The third quarter core net profit was also in line with expectations as gross margins normalised to an expected 24.2 per cent from a surprisingly high figure of 24.7 per cent.
We maintain our forecasts for the 2014 to 2016 financial years.
Maintain ADD with target price of 77 cents
2. Yoma Strategic Holdings
Yoma reported second quarter net profit $10.8 million, an increase of 222 per cent mostly owing to fair value gains of $8.1 million recognised from completed units in Star City and $1.9 million from a foreign exchange gain in US dollar monetary assets.
Overall, these figures are mostly in line with our expectations.
After netting out the FX gain, the first half results constitute 57 per cent of our full year forecast. Second quarter revenue increased 52.9 per centto $41.2 million as the group recognised higher sales from property developments and land rights from Star City.
Sales at Star City remain firm. As at Sept 30, 528 units have been sold in Zone A.
The group has also sold 856 units and received booking deposits for an additional 106 units out of 1,043 units at Star City Zone B since its launch in April 2013.
Maintain BUY with fair value estimate under review.
Osim's third quarter results were a big miss, as earnings fell 27.8 per cent to $16.4 million, partly dragged down by legal costs.
Its net profit for the first nine months now makes up 63 per cent of consensus net profit for the 2014 financial yeart and it is not likely to achieve earlier forecasts.
Overall sales were weak.
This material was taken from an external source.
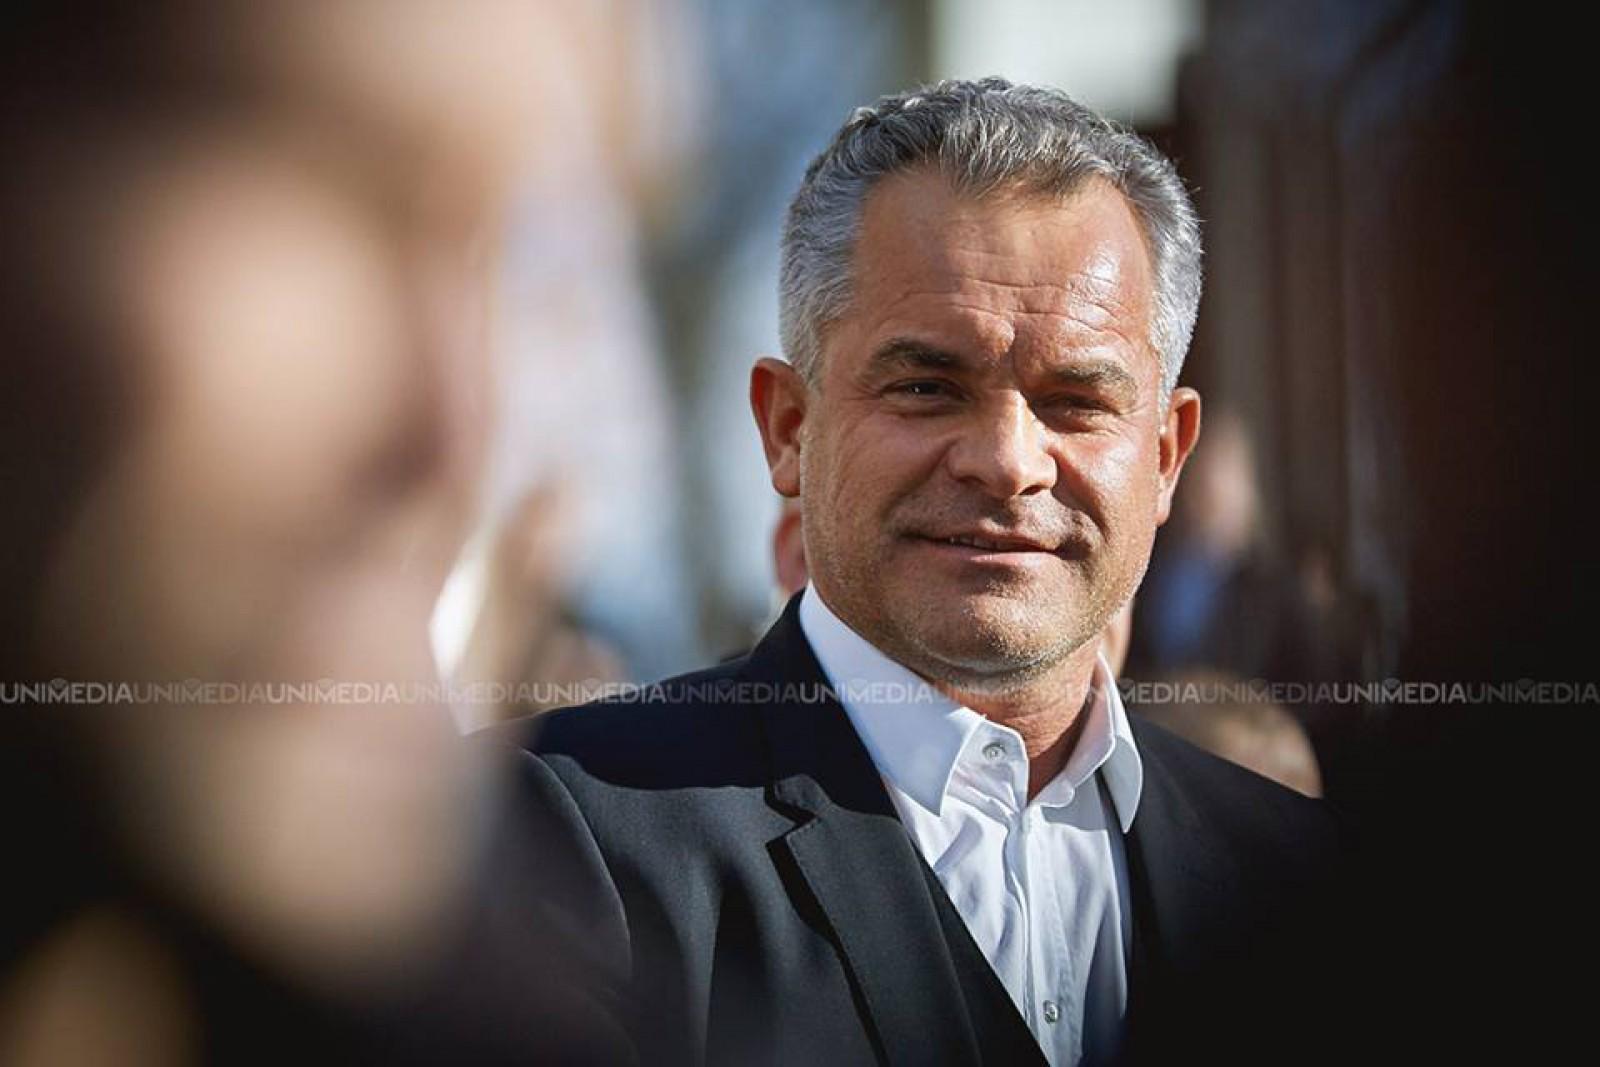 """Vitalie Gamurari se abține să comenteze decizia DIICOT de a expedia dosarul lui Vlad Plahotniuc în R. Moldova: """"Pot fi interpretări greșite"""""""

Osim's third quarter revenue rose 3 per cent $158.2 million, but this was due to the consolidation of TWG.
We estimate revenue of its other businesses were down by around 5 to 10 per cent with the decline being broad-based in nature.
Discretionary retailers are experiencing weak demand in key markets like mainland China, Hong Kong, Singapore and Malaysia.
The lack of any new products that are major hits in recent quarters was also a factor, in our view.
We believe the business remains fundamentally sound, but note the weak operating environment.
Maintain BUY with lower target price of $2.75, down from $3.85.